Mask this tensor to where the value is the length of the original input.

original_len = 3

mask = (seq_lens == original_len)

# [0, 0, 0, 1, 1, 1, 0 ]: correct!

If this manual example does not do it for you, I encourage you to run the colab notebook to see the method in action with real dataset samples.

Colab Notebook Walkthrough

Access a walkthrough here.

Putting it all together

Extending this to work with real sequences (and batches!) looks like the following function:

def input_text_mask_vectorized(original_input_ids, templated_ids, pad_token_id):
    # Create mask for tokens that exist in original input
    original_token_mask = torch.stack( 
    [torch.isin(templated_ids[b], original_input_ids[b]) for b in range(templated_ids.size(0))],
    dim=0)

    # Cumulative sum of original tokens up to each position
    cumulative_original_count = torch.cumsum(original_token_mask, dim=-1)
    
    # Find reset points where non-original tokens break the sequence
    reset_positions, _ = torch.cummax(cumulative_original_count * (~original_token_mask).float(), dim=-1)
    
    # Count consecutive original tokens from left
    consecutive_from_left = cumulative_original_count - reset_positions
    
    # Flip and repeat process for counting from right
    flipped_mask = original_token_mask.flip(dims=[-1])
    flipped_cumsum = torch.cumsum(flipped_mask, dim=-1)
    flipped_reset_positions, _ = torch.cummax(flipped_cumsum * (~flipped_mask).float(), dim=-1)
    consecutive_from_right = (flipped_cumsum - flipped_reset_positions).flip(dims=[-1])
    
    # Total consecutive length at each position
    consecutive_length = (consecutive_from_left + consecutive_from_right - 1) * original_token_mask
    
    # Get actual length of each original sequence (excluding padding)
    original_sequence_lengths = (original_input_ids != pad_token_id).sum(dim=-1)

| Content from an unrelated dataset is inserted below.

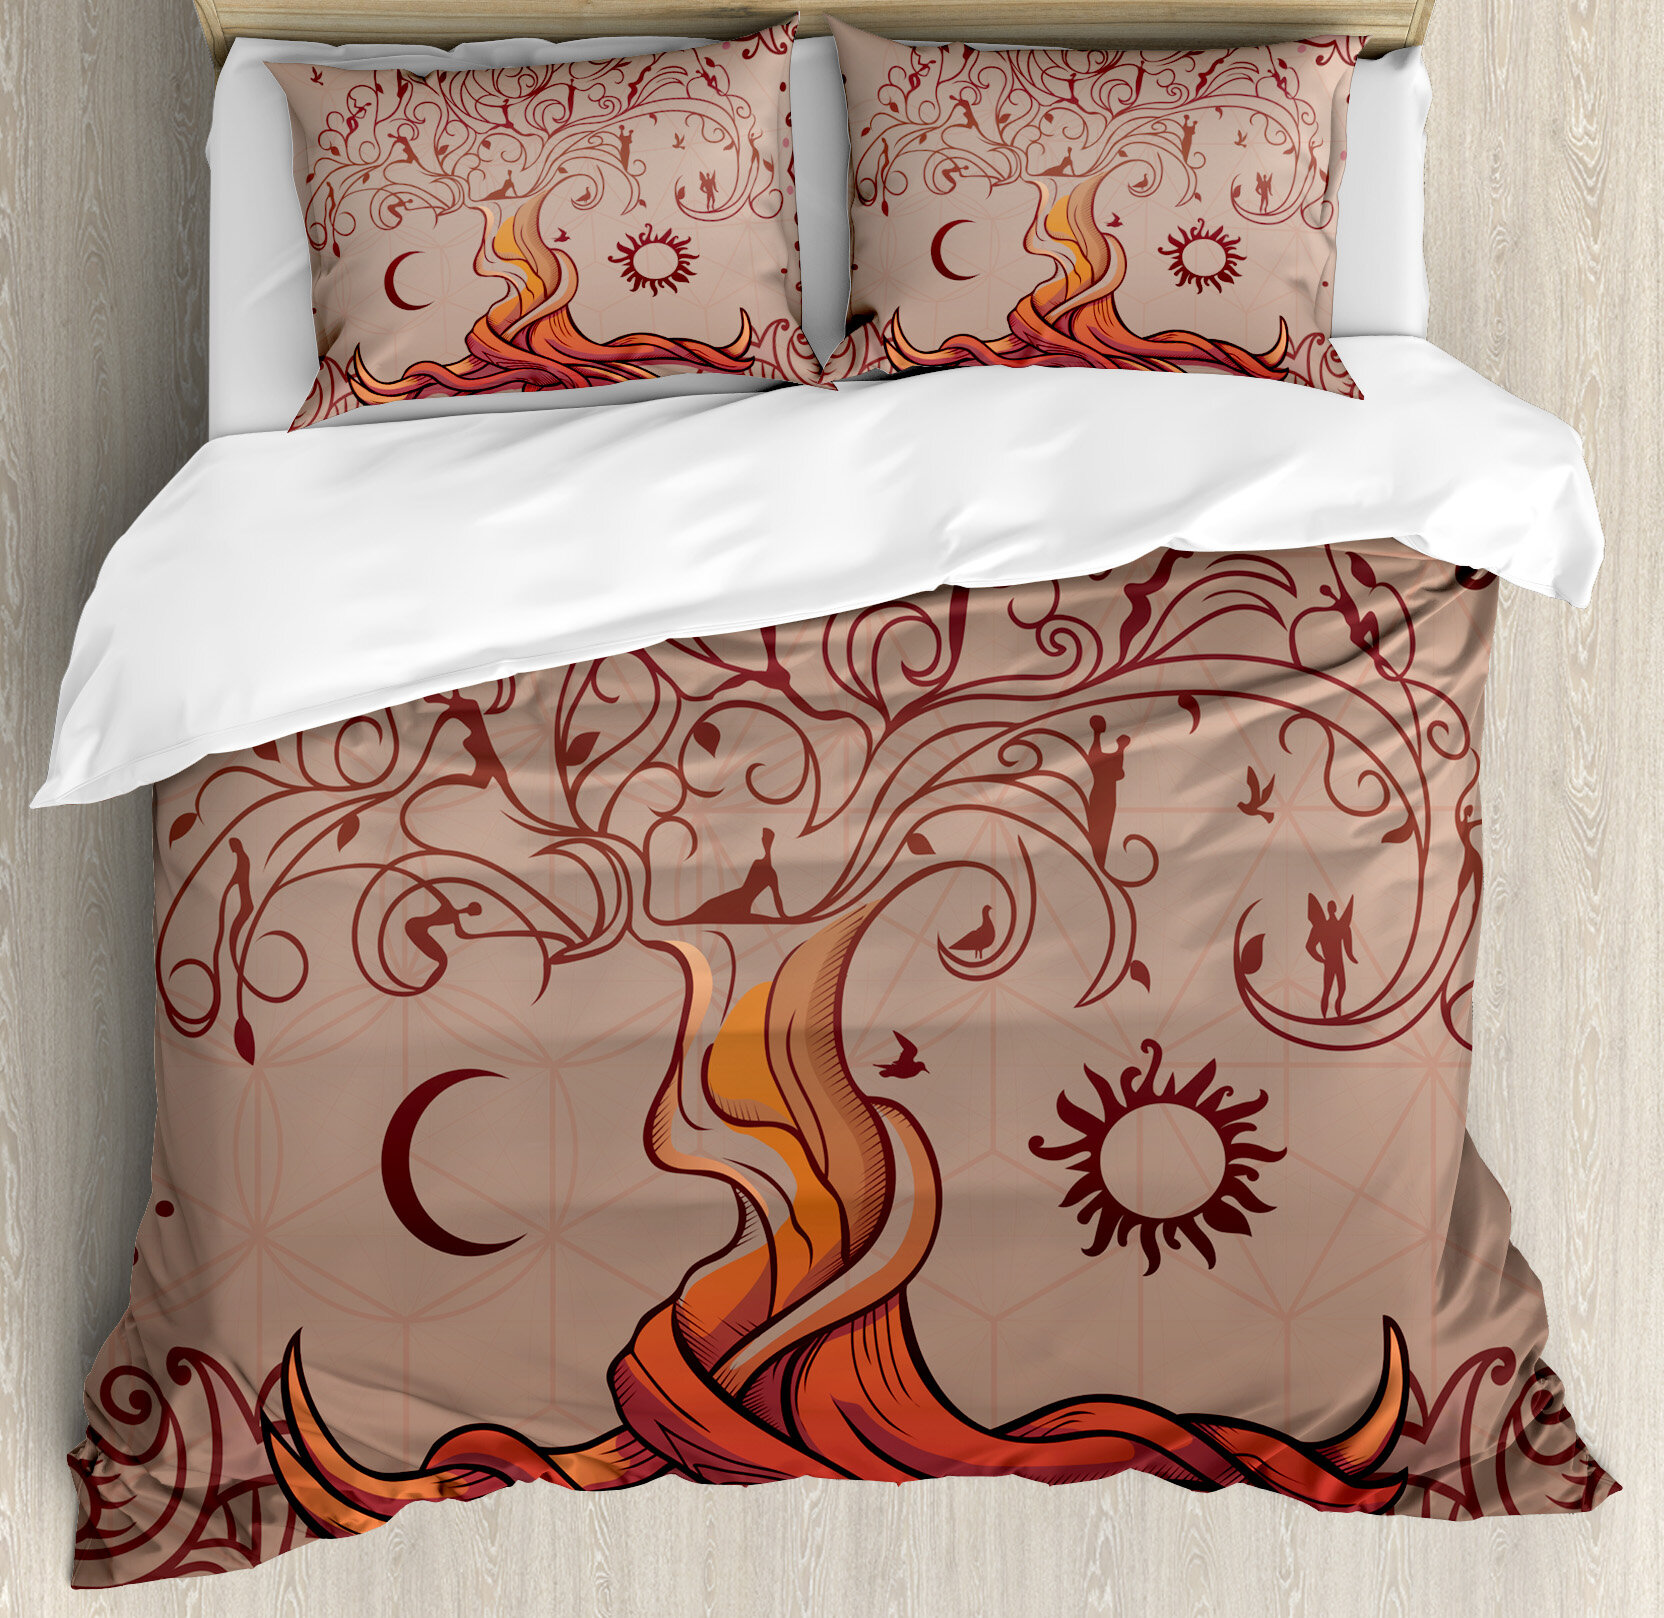 Ambesonne Indian Vintage Tree Of Life With Sun And Moon Duvet

    # Mask positions where consecutive length equals full original sequence length
    complete_sequence_mask = consecutive_length == original_sequence_lengths.unsqueeze(1)

    return complete_sequence_mask

Is this any faster?

Vectorized Time complexity

.isin check: O(N*M) work for original seq length M and templated seq len N.
.cumsum and .cummax: O(N) work, O(log N) span using a parallel scan.
Element-wise operations (add, mul, sub): O(N) work.

The algorithm is dominated by the O(N*M) membership check. For the parallelized cumulative sum, a binary tree is used under the hood and the widest span of elements we perform sequential computation on is log(n). Since both of the methods use the membership check, the parallel version is work efficient. We can expect a speedup when run on an accelerator.

Empirical Results

Running each of the methods for 3000 iterations, after 25 iterations of warmup, on a batch of shape (10, 446) tokens, we get the following results:

Conclusion

I have spent a lot more time over the past few years working on full-stack applications, so please critique and provide suggestions for how I might improve or simplify this approach. I may have missed an edge case or a simpler solution, so don't be afraid to point out where I am wrong.

At a higher level, I think that the marginal returns to precision in this application might be small. Still, writing this was a useful exercise.